I have created a function ,using permutations
from itertools
, that takes all the possible compilations of the words and compare the strings and output the max value. The results are satisfactory but the whole procedure is really slow when I have to compare millions of names.
Something else that can be done is to sort the words such as:
' '.join(sorted('Michael Jordan'.split()))
>>>'Jordan Michael'
' '.join(sorted('Jordan Michael'.split()))
>>>'Jordan Michael'
Seems quite nice way and easy way to decrease the computations but we loose some sensitive cases. example:
name1 = ' '.join(sorted('Bizen Dim'.split()))
>>>'Bizen Dim'
name2 = ' '.join(sorted('Dim Mpizen'.split()))
>>>'Dim Mpizen'
SequenceMatcher(None, name1, name2).ratio()
>>> 0.55
These two names are the same as there are cases where people 'translating' their names from 'b' to 'mp' (I am one of them). Using this way we are loosing this 'match'.
Is there any string distance algorithm that compares the words and do not take into consideration the order of the words? Or is there a recommendation how to implement efficiently the desired function?
Upvotes: 5
Views: 3941
Reputation: 9441
try fuzzywuzzy
install:
pip install fuzzywuzzy
pip install python-Levenshtein
use with order not mattering:
from fuzzywuzzy import fuzz
fuzz.token_sort_ratio(u'Michael Jordan',u'Jordan Michael')
>>100
Upvotes: 4
Reputation: 1012
You can tokenize the two strings (say, with the NLTK tokenizer), compute the distance between every word pair and return the sum of all distances.
Upvotes: 0
Reputation: 861
Try casting to lowercase, then sorting.
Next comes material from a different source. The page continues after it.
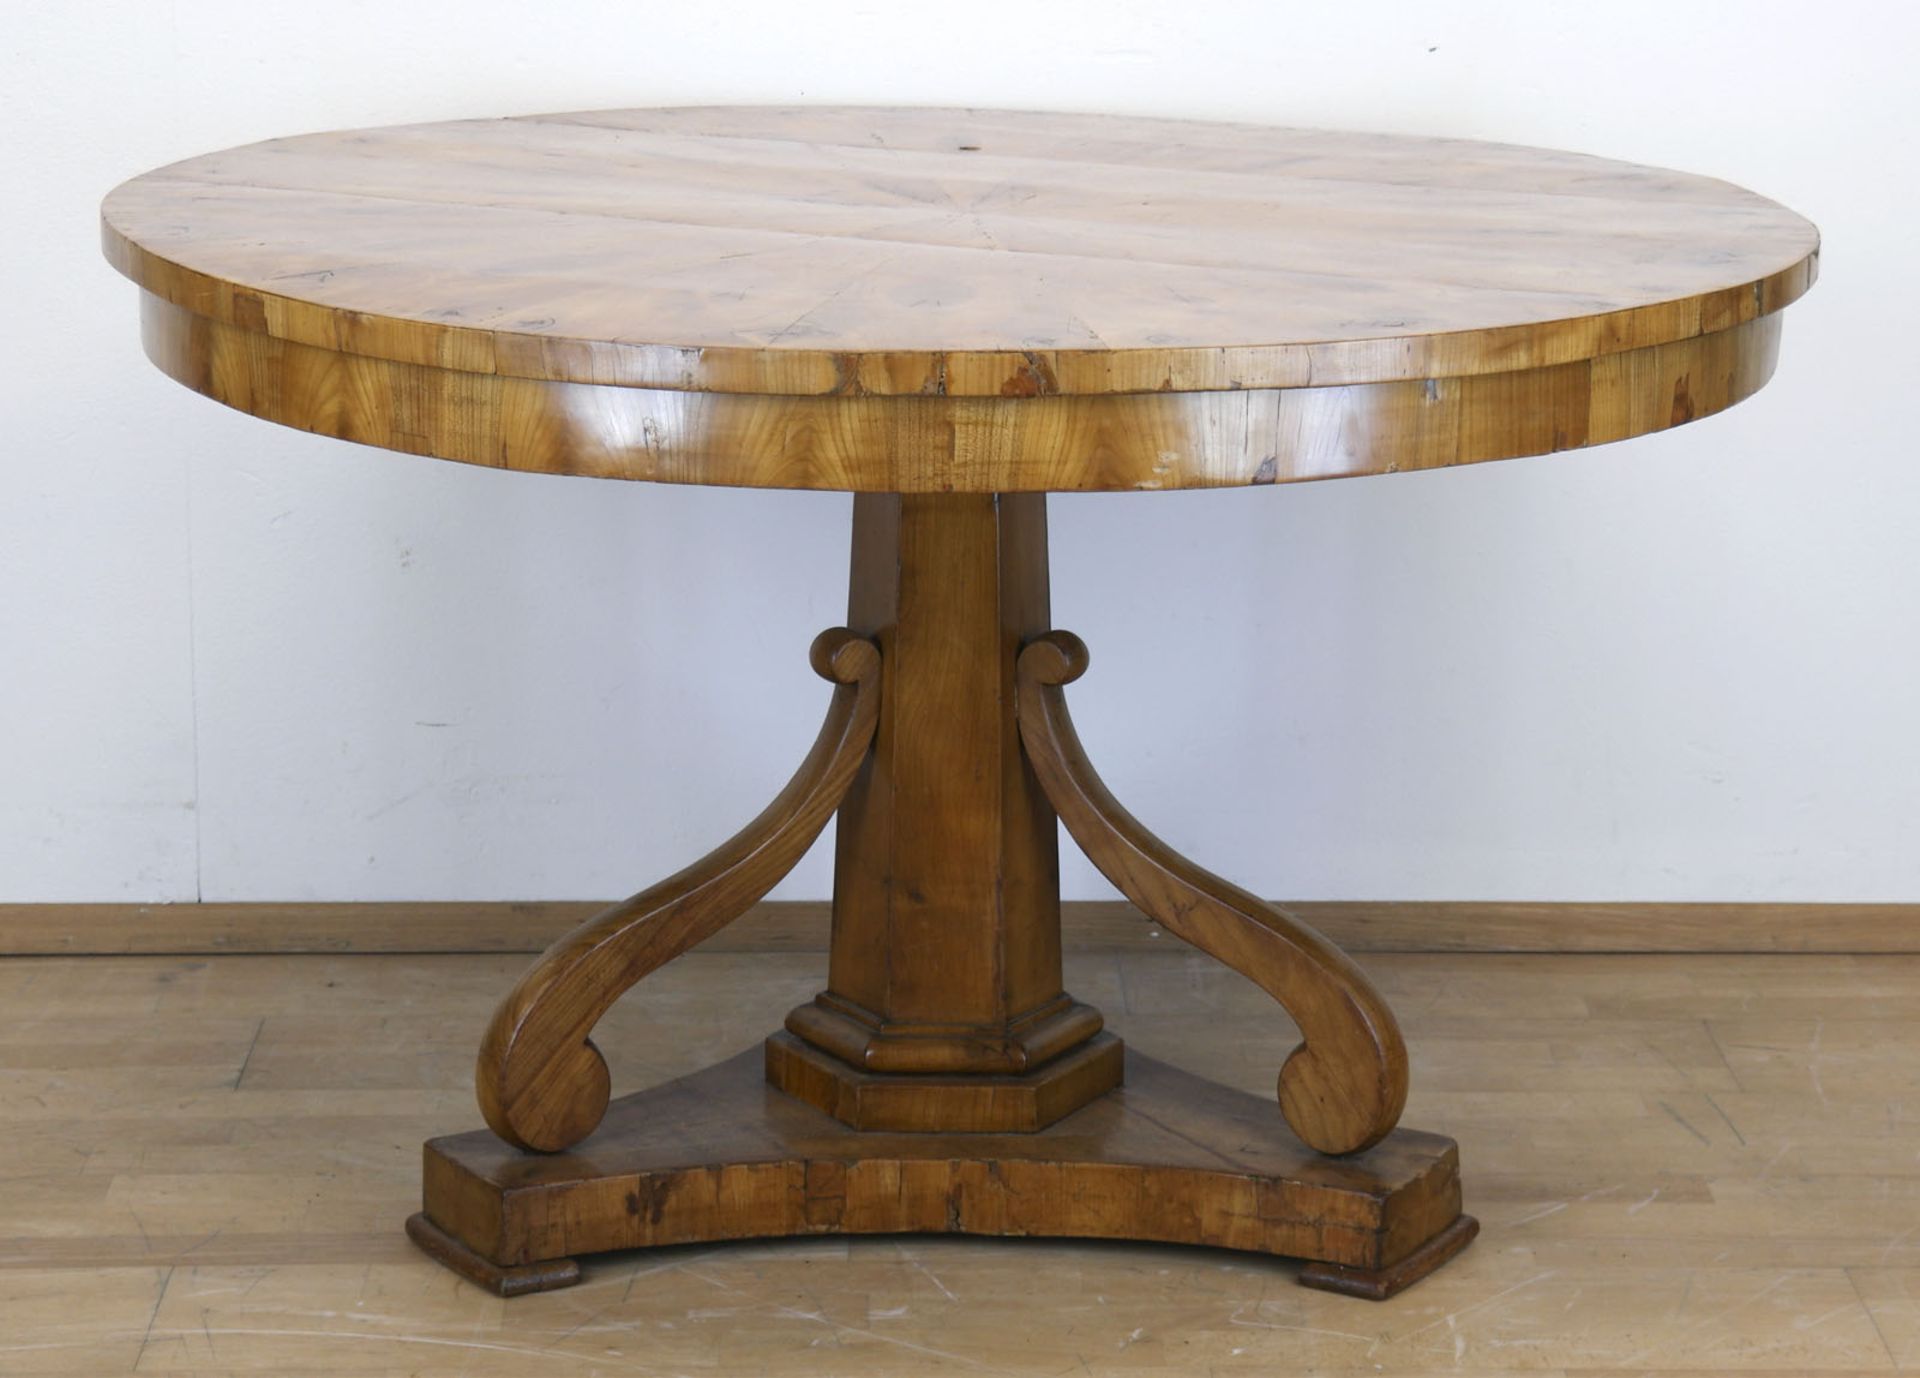 Biedermeier-Tisch, Kirsche furniert, über 3-passig eingebogter Fußplatte 6-kantige Säule mit 3 Volu
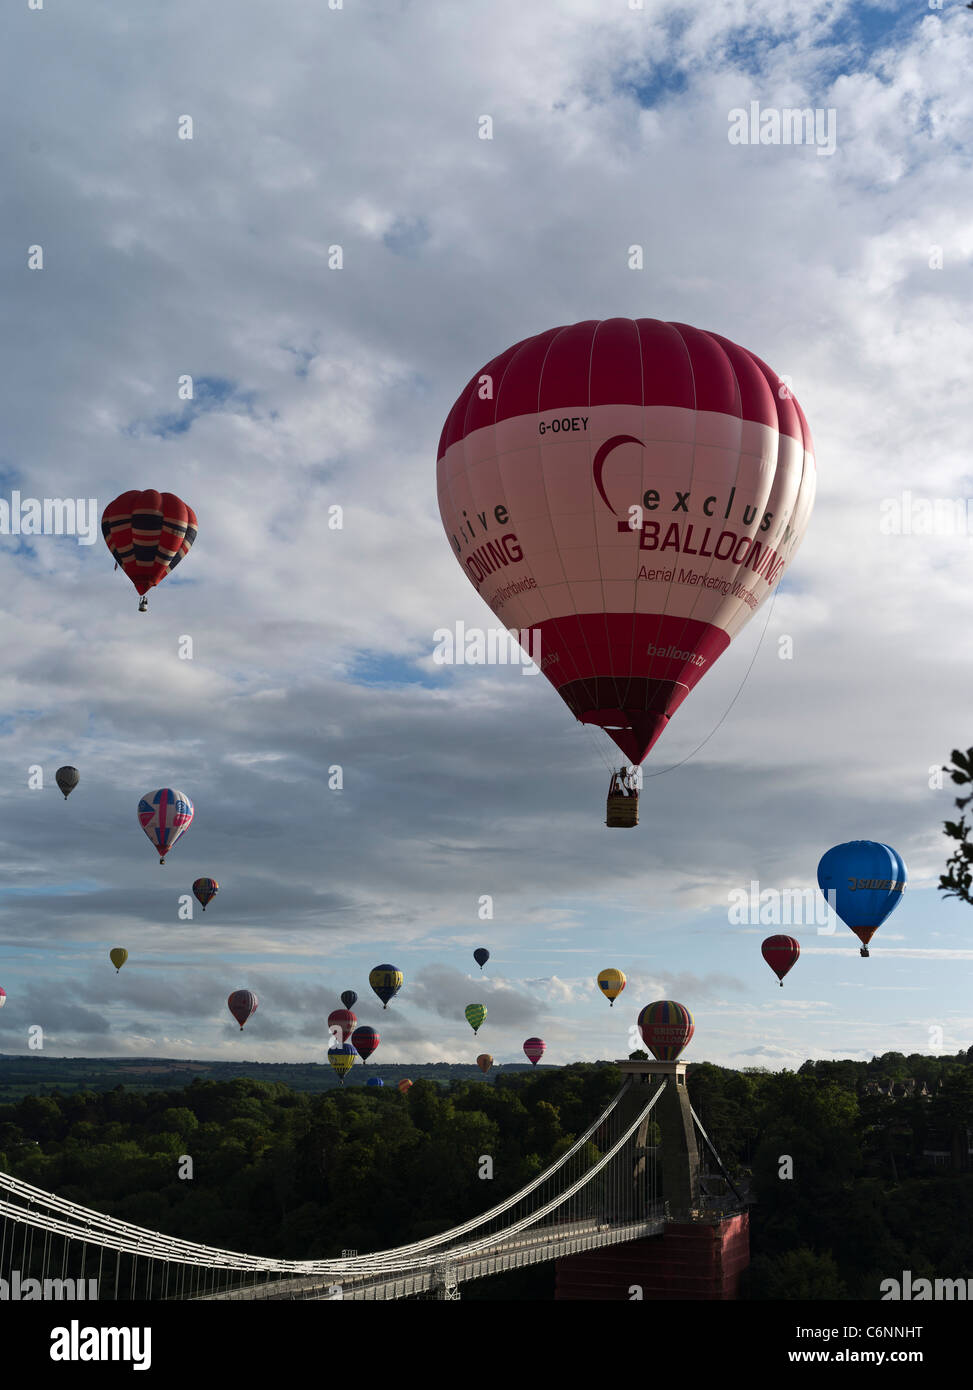 dh Bristol Balloon Fiesta CLIFTON BRIDGE BRISTOL ENGLAND Balloon Festival Mongolfiere che volano sopra i ponti sospesi in mongolfiera nel regno unito Foto Stock

Your problem with sorting with the original string is python sees capitals as higher in the order. (if you're going for levenshtein distance, the spaces shouldn't be an issue)
>>> ''.join(sorted('Michael Jordan'.lower()))
' aacdehijlmnor'
Then use the .index()
method to get substring positions. (you can also use this answer that uses the re
module and makes it much more varitable)
Upvotes: 0